Table 2. Flow Throu h Perforations

[069] In order to assess the possibility of mixing in the bottom of the wellbore, the flow conditions must be estimated. Table 2 gives examples of minimum diesel ratio to prevent U-tubing and Mixing ratios required to dilute the feed concentration by half. First, the flow of diluent diesel is calculated based on a given NaSi concentration, flowrate, and desired effected reservoir concentration. With the overall flowrate known (sum of NaSi flow and diesel rate), the required pressure to achieve that flow is calculated from the orifice equation above. That pressure can be converted to a liquid column height to confirm that the overall flows are reasonable for the well depth. Once the column height is established, the flow distribution can be calculated. If the number of perforations required to accept the two fluids is reasonably even, the probability of even mixing before entering the reservoir is increased.

[070] From Table 2, the required column height varies based on the total flow into the well. For each of the minimum diesel ratios ("Min Ratio" scenarios in Table 2), about 17% of the perforations are required to absorb the diesel injection, with the remaining taking the NaSi material, regardless of concentration. This scenario suggests little mixing, and the diesel provides a buffer to prevent U-tubing and NaSi settling. The column height varies from 105m to 136m, as determined by the changing density of the NaSi as the concentration of the NaSi material changes.

[071] As demonstrated in the "Mixing in hole" scenarios" in Table 2, if the minimum diesel is increased by a factor of ~6, then downhole dilution cuts the concentration in half. In this scenario, the number of perforations needed for flow is closer to 50%, which provides the opportunity of mixing in the wellbore. To minimize the equipment needed, the NaSi material can be injected at full 40% strength and excess diesel pumped into the tubing. This minimizes the equipment requirements while changing the mixing effectiveness.

[072] The methods of the invention may also comprise the steps of:

reacting the composition containing water reactive chemicals with water to generate hydrogen gas, heat, and an alkali metal silicate (if the composition contains alkali metal silicides) that collectively enhance recovery of hydrocarbon or bituminous material from the subterranean reservoir; and

recovering the hydrocarbon or bituminous material to a producing well.

[073] Water Reactive Chemicals

[074] As discussed above, the methods of the invention employ compositions containing water reactive chemicals. The water reactive chemicals may be, for example, alkali metal silicides, metal silicides, and mixtures thereof. Alkali metal silicides that can be utilized in the methods of the invention are described in US Patent 7,811,541 and US Patent 9,657,549, which are incorporated herein by reference in their entirety.

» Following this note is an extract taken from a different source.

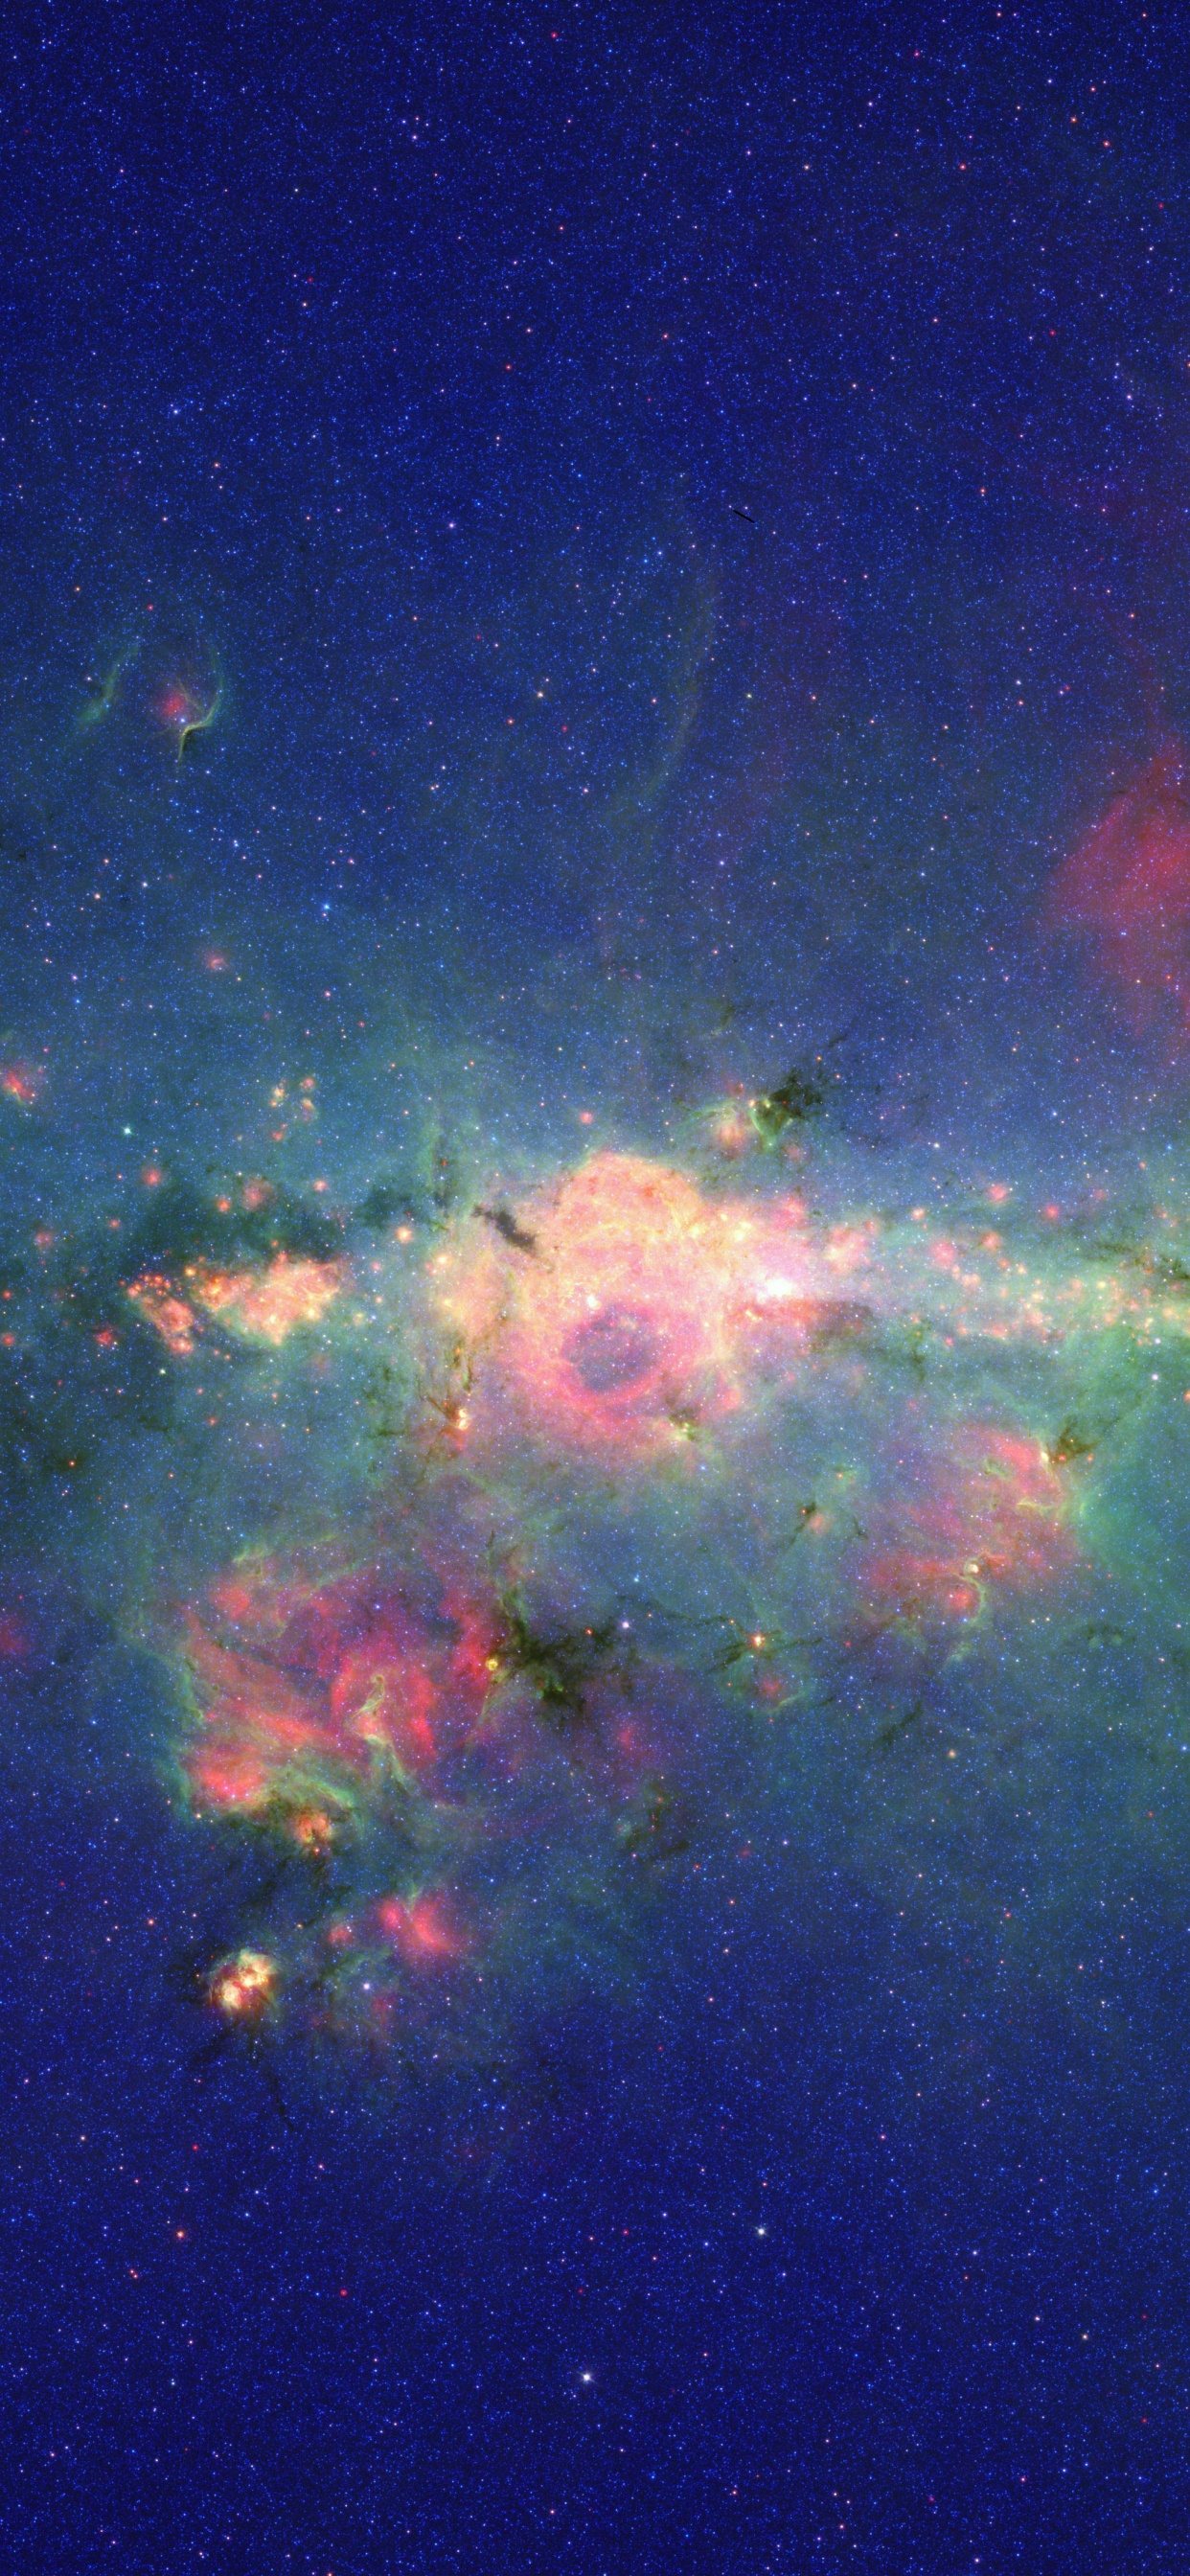 银河系, 斯皮策太空望远镜, 明星, 气氛, 天文学对象 壁纸 1242x2688 允许
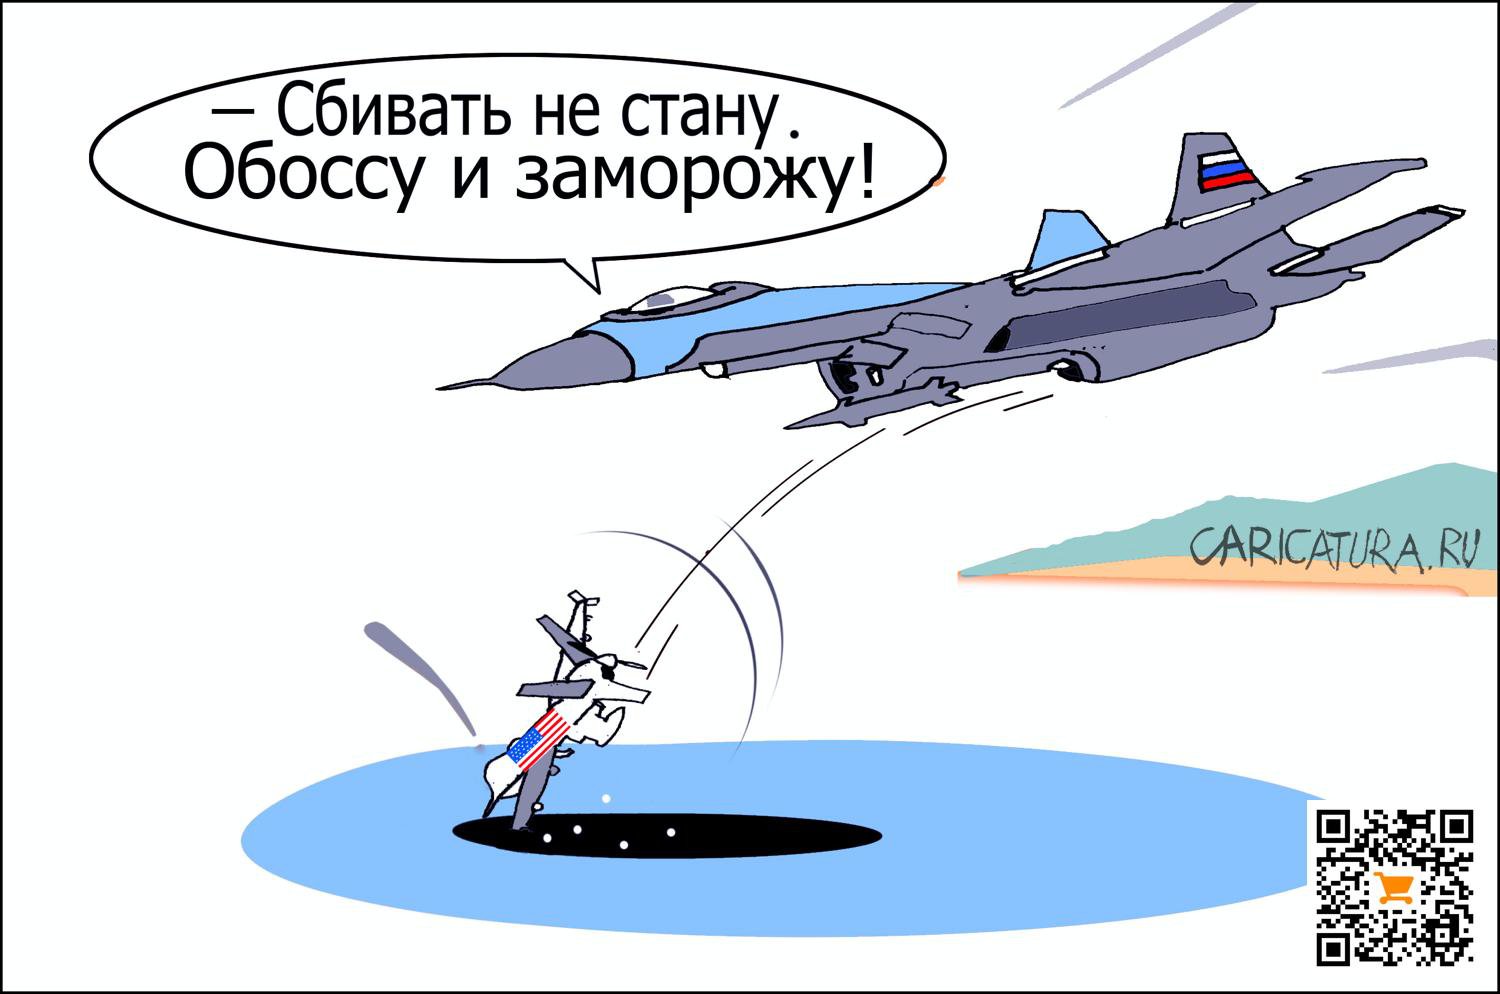 Карикатура "Нарушитель", Александр Уваров

Alkali metal silicides include the silicides of lithium, (Li); sodium, (Na); potassium, (K). Mixtures of alkali metal silicides can be used as the metal silicide in the invention. Included within such mixtures are combinations of metal silicides as well as mixed metal silicides. That is, the metal in the alkali metal silicide can be an individual alkali metal (e.g., Li, Na, K) or the alkali metal can be a combination of metals (e.g., Ca and Na; Na and K; Ca, Na, and K)— a mixed alkali metal silicide. Mixtures of all such alkali metal silicides can be used.

[075] Preferred alkali metal silicides are available from SiGNa Chemistry, Inc. of New York, New York. They are generally free-flowing powders that may be easily handled in dry air. These alkali metal silicides do not react with oxygen and only slowly absorb water from the atmosphere and without ignition. In one embodiment of the invention, the alkali metal silicide is a sodium silicide (preferably having a 1:1 Na:Si molar ratio) or a potassium silicide (preferably having a 1:1 K:Si molar ratio). As illustrated by the chemical equation [1] for Na4Si4, alkali metal silicides react with water to produce hydrogen gas, the corresponding alkali metal silicate, and heat. The methods of the invention may utilize compositions containing sodium silicide, (Na4Si4), or a potassium silicide, (K4S14). As illustrated by the following chemical equation for Na4Si4, alkali metal silicides react with water to produce hydrogen gas, the corresponding alkali metal silicate, and heat.

Na 4 Si 4 (s) + 5H 2 0 (€) - 5H 2 (g) + 2Na 2 Si 2 0 5 (s) + energy [1]

[076] This reaction proceeds smoothly at room temperature and without the need of a catalyst.

[077] The alkali metal silicide reacts with greater-than-stoichiometric quantities of water in the reserve deposit. The release of hydrogen gas dissolves into the heavy crude it contacts, thereby lowering viscosity to make the crude easier to displace. The rapid evolution of hydrogen also creates a viscous foam phase that displaces the oil by raising the pore pressure. Likewise, the released hydrogen gas creates pressure in the well, which forces the crude oil toward the collection point. As outlined above, the production of the corresponding alkali metal silicate provides profile modification, sweep improvements, favorable wettability, and reduced interfacial tension, all of which contribute to forcing crude oil toward the collection point. Both the hydrogen gas and the alkali metal silicate are formed in situ.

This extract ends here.